I wonder if there is a passive form of this phrase:

*John doesn't abide by the rules*
My take on this even if I know it's totally wrong

*The rules are not abided by John* (It's weird)

I suspect there isn't a passive form but I would like to know why.

Thanks in advance

PS:
I can think of something even weirder since abide by is a phrasal verb and therefore an indivisible unit.

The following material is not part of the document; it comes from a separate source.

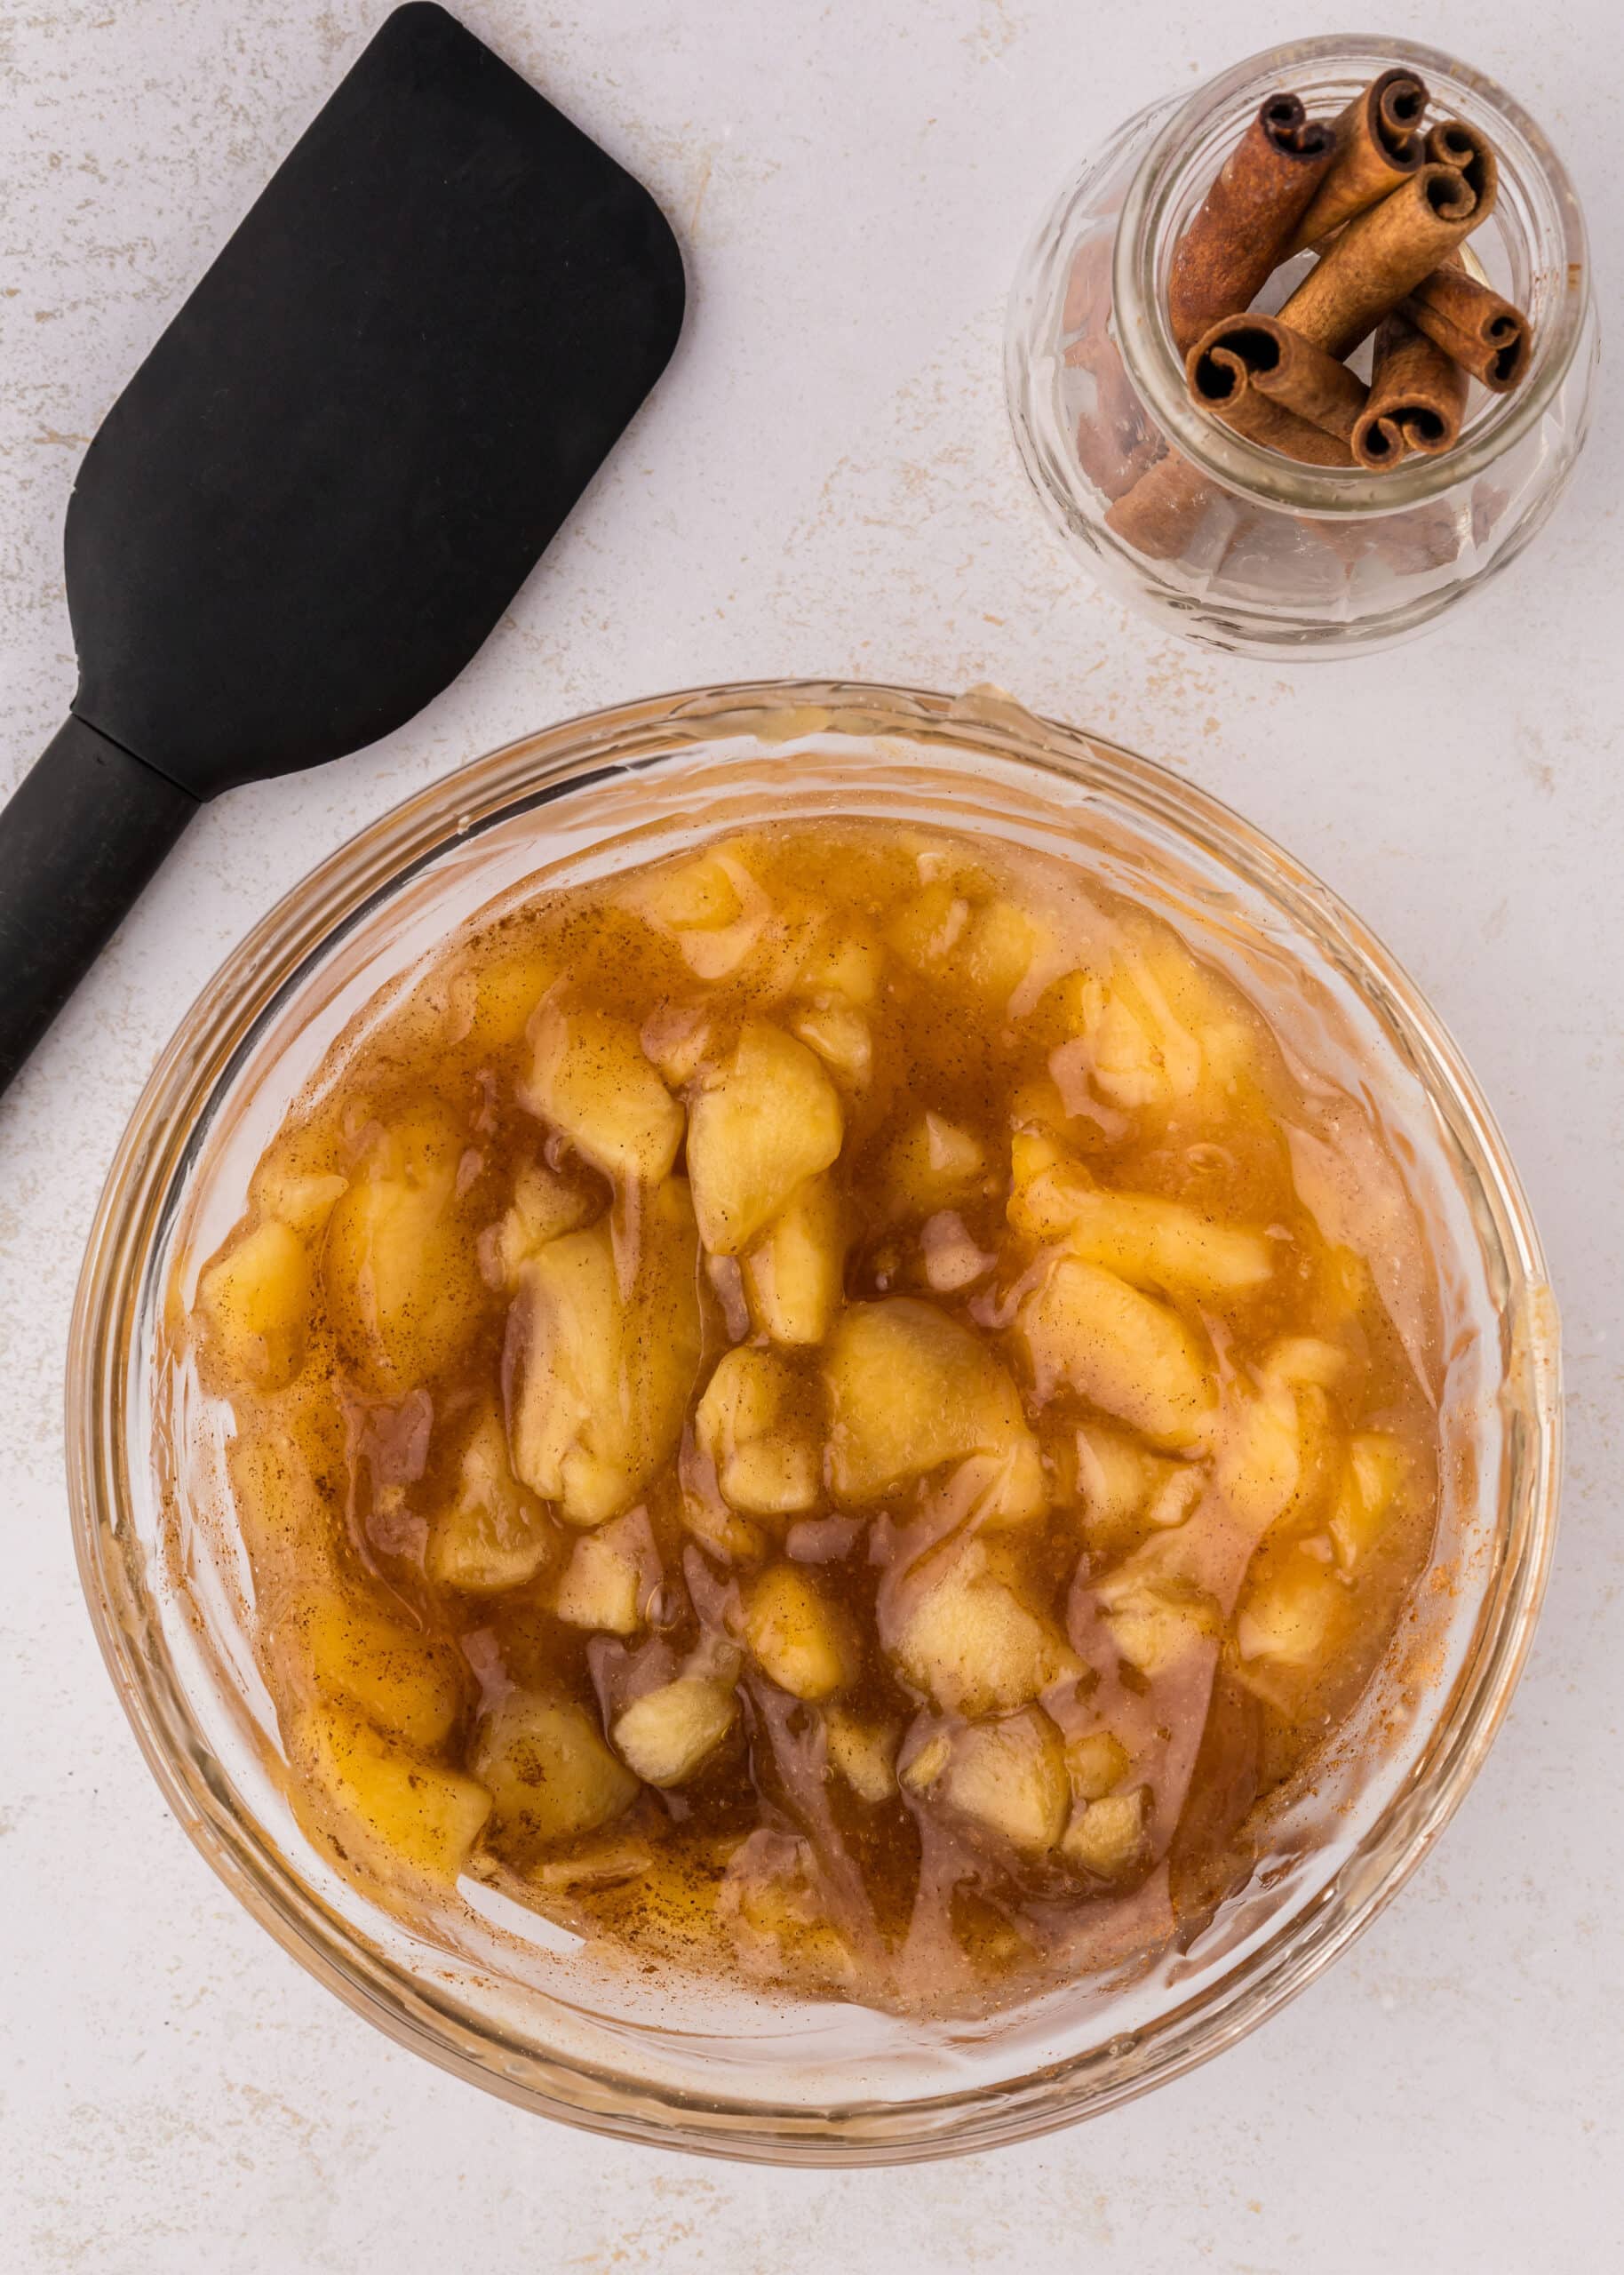 How to make cinnamon apple panna cotta

*The rules are not abided by by John*


----------



## Bevj

adonis1956 said:


> *The rules are not abided by by John*


In my opinion this is a correct sentence.
However, the repetition of 'by' makes it sound rather clumsy.


----------



## Cholo234

adonis1956 said:


> I wonder if there is a passive form of this phrase


In the future, you can just check (if it's convenient) in the dictionary to see if a verb is transitive or not.  (Transitive verbs take direct objects and are both active and passive.)  (An intransitive verb can't be passive.)
a·bide​  (ə-bīd′)
_v._ *a·bode* (ə-bōd′) or *a·bid·ed*, *a·bid·ing*, *a·bides*
_v.tr._
*1. *To put up with; tolerate: can't abide such incompetence. See Synonyms at endure.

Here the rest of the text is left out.